NIERENSTEIN-OP ERFORDERLICH

Anfang Dezember 2013 erfuhren wir von unserem Projektmanager Dikendra Dhakal, dass eines der von uns betreuten Schulmädchen in Chtiwan – die damals zehnjährige Aster Chepang - unter sehr starken Schmerzen im Bauchbereich leide, woraufhin wir Aster direkt im nächstgelegenen Krankenhaus in Bharatpur (ca. 40 Km von ihrem Heimatdorf entfernt) untersuchen ließen. Die Ärzte entdeckten mehrere, teils große Nierensteine, sahen sich aber außerstande die dringend notwendige Operation in Bharatpur durchführen zu können und verwiesen uns an eine Klinik in Kathmandu, die besser ausgestattet sei. Da sich die arme Familie weder den Transport noch die Behandlung jemals hätte leisten können, entschieden wir uns diese Kosten zunächst zu übernehmen und brachten das Mädchen und ihren Vater umgehend nach Kathmandu. Dort nahm sie unser Mitarbeiter Dharma in Empfang und kümmerte sich fortan um die Organisation der Behandlung sowie die Versorgung des Mädchens und ihres Vaters. Zunächst ließen wir Aster erneut in einem staatlichen Krankenhaus untersuchen. Die Ärzte bestätigten die Diagnose und die Dringlichkeit einer Operation, konnten uns aber in keinem der staatlichen Krankenhäuser Kathmandus war in den nächsten zwei Monaten ein Operationstermin anbieten, so dass wir uns an eine Privatklinik wandten. Im Himal Hospital übernahm Dr.
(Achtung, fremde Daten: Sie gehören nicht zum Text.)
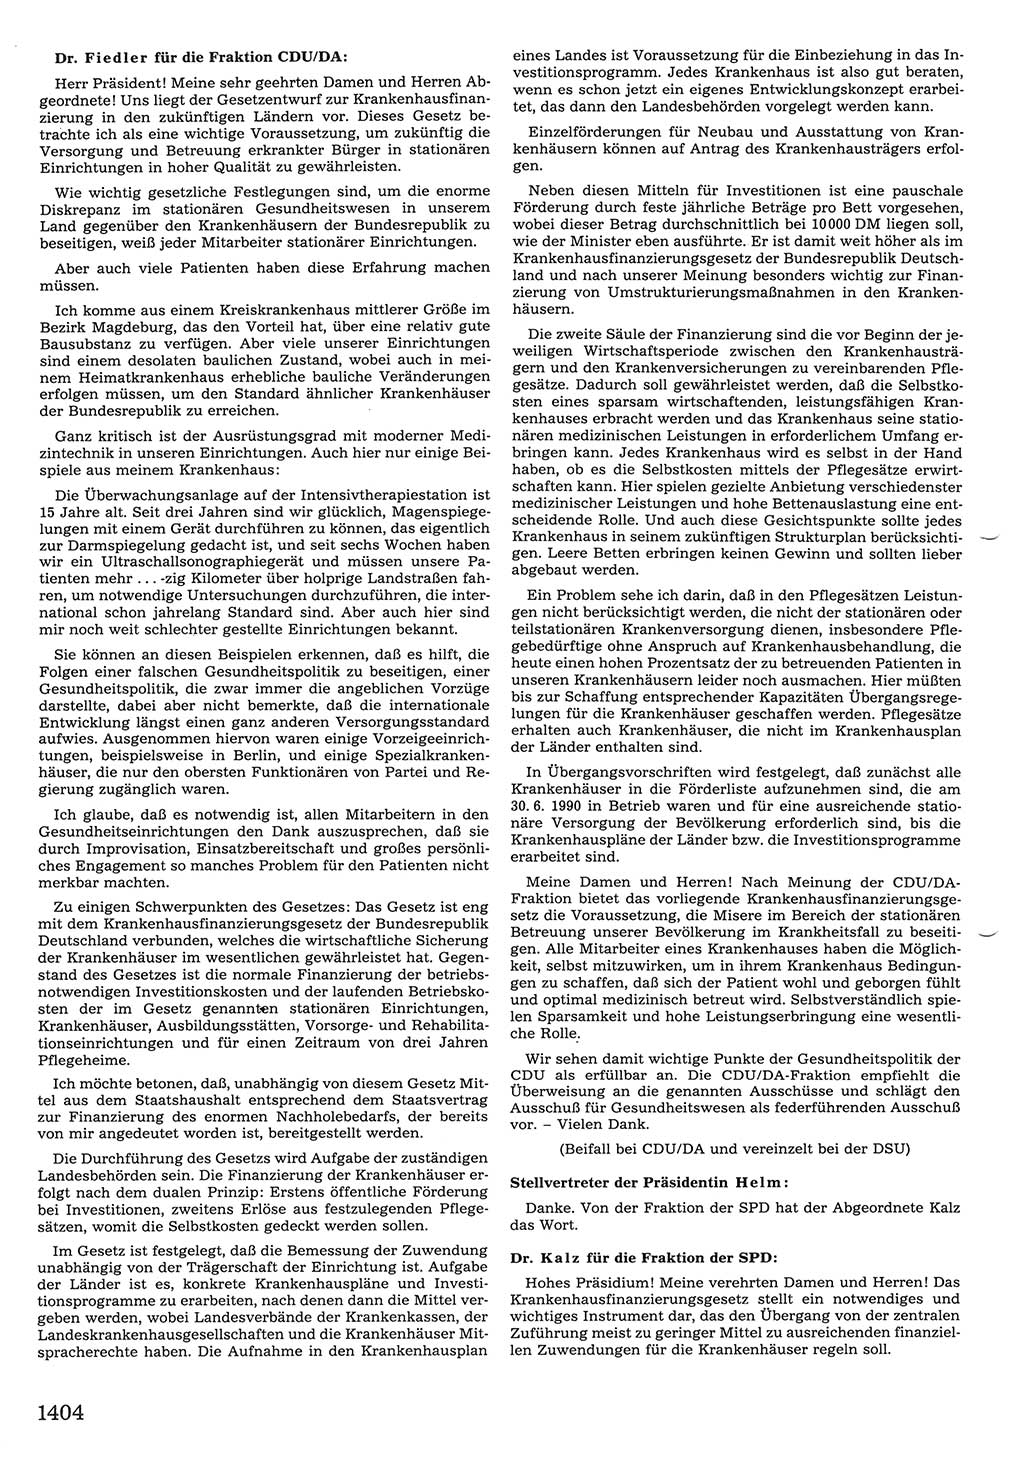 Tagungen der Volkskammer (VK) der Deutschen Demokratischen Republik (DDR), 10. Wahlperiode 1990, Seite 1404 (VK. DDR 10. WP. 1990, Prot. Tg. 1-38, 5.4.-2.10.1990, S. 1404)

Ashok Rana die Behandlung und bestätigte zunächst die bisherige Diagnose. Als Ursache für die Nierensteine stellte er außerdem eine Verengung des Harnweges zwischen der linken Niere und der Blase fest. Nachdem er sich mittels Blutuntersuchung und Röntgenaufnahmen ein umfassendes Bild verschafft hatte, riet uns Dr. Rana zu einer schnellen Operation. Andernfalls würden die Nierensteine zu einem Versagen der linken Nieren führen sowie zu einer Infektion der noch gesunden rechten Niere und damit im schlimmsten Fall zum Tode des Kindes. Daher wurde Aster bereits am darauf folgenden Tag operiert.

Aufgrund der hohen Anzahl von insgesamt sieben Nierensteinen und deren Größe (darunter einer von 2x2cm!) musste die Niere während der Operation geöffnet werden, um die Steine zu entfernen. Außerdem wurde auch der verengte Harnweg durch eine eingesetzte Gefäßstütze (engl. „stent“) geweitet, um weiteren Nierensteinen in der Zukunft vorzubeugen. Obwohl die Operation sehr erfolgreich verlief, war die Niere naturgemäß noch angegriffen, weshalb Dr. Rana entschied, das Mädchen solle noch einige Zeit zur Beobachtung der Nierenfunktion und zur Erholung von der Operation im Krankenhaus verbleiben. Am 11. Januar 2014 konnte Aster vollkommen gesund entlassen werden. Ihre Niere weist keinerlei Schädigung auf und sie hat weder Schmerzen noch sonstige Einschränkungen zu beklagen. Mittlerweile ist Aster mit ihrem Vater in ihr Heimatdorf in Chitwan zurückgekehrt und wird regelmäßig von unserem Team vor Ort besucht. In etwa drei Monaten muss sie zu einer weiteren Nachuntersuchung nach Kathmandu, bei der die Funktion der Nieren sowie die Verbesserung durch die eingesetzte Gefäßstütze kontrolliert werden sollen. Aster und ihre Familie sind unendlich dankbar, dass ihr durch regelmäßige Unterstützung ihres Paten sowie durch den Stiftungsfonds Behandlungskostenhilfe (www.behandlungskostenhilfe.de), der sich schnell und unbürokratisch bereit erklärte die Kosten der Behandlung zu übernehmen, „ein neues Leben“ geschenkt werden konnte. Der Stiftungsfonds Behandlungskostenhilfe ist in die Merck Finck Stiftung (http://merckfinck.de/ueberuns/MF-Stiftung.html) eingebettet und hat sich zur Aufgabe gemacht kranken Kindern eine Behandlung zu ermöglichen, deren Familien sich eine solche selbst nicht leisten können. Wir arbeiteten in diesem Fall erstmalig mit dem Stiftungsfonds zusammen und hoffen diese Kooperation in der Zukunft ausbauen und in ähnlichen Fällen wiederholen zu können. Auch wir möchten uns herzlich für diese Unterstützung bedanken!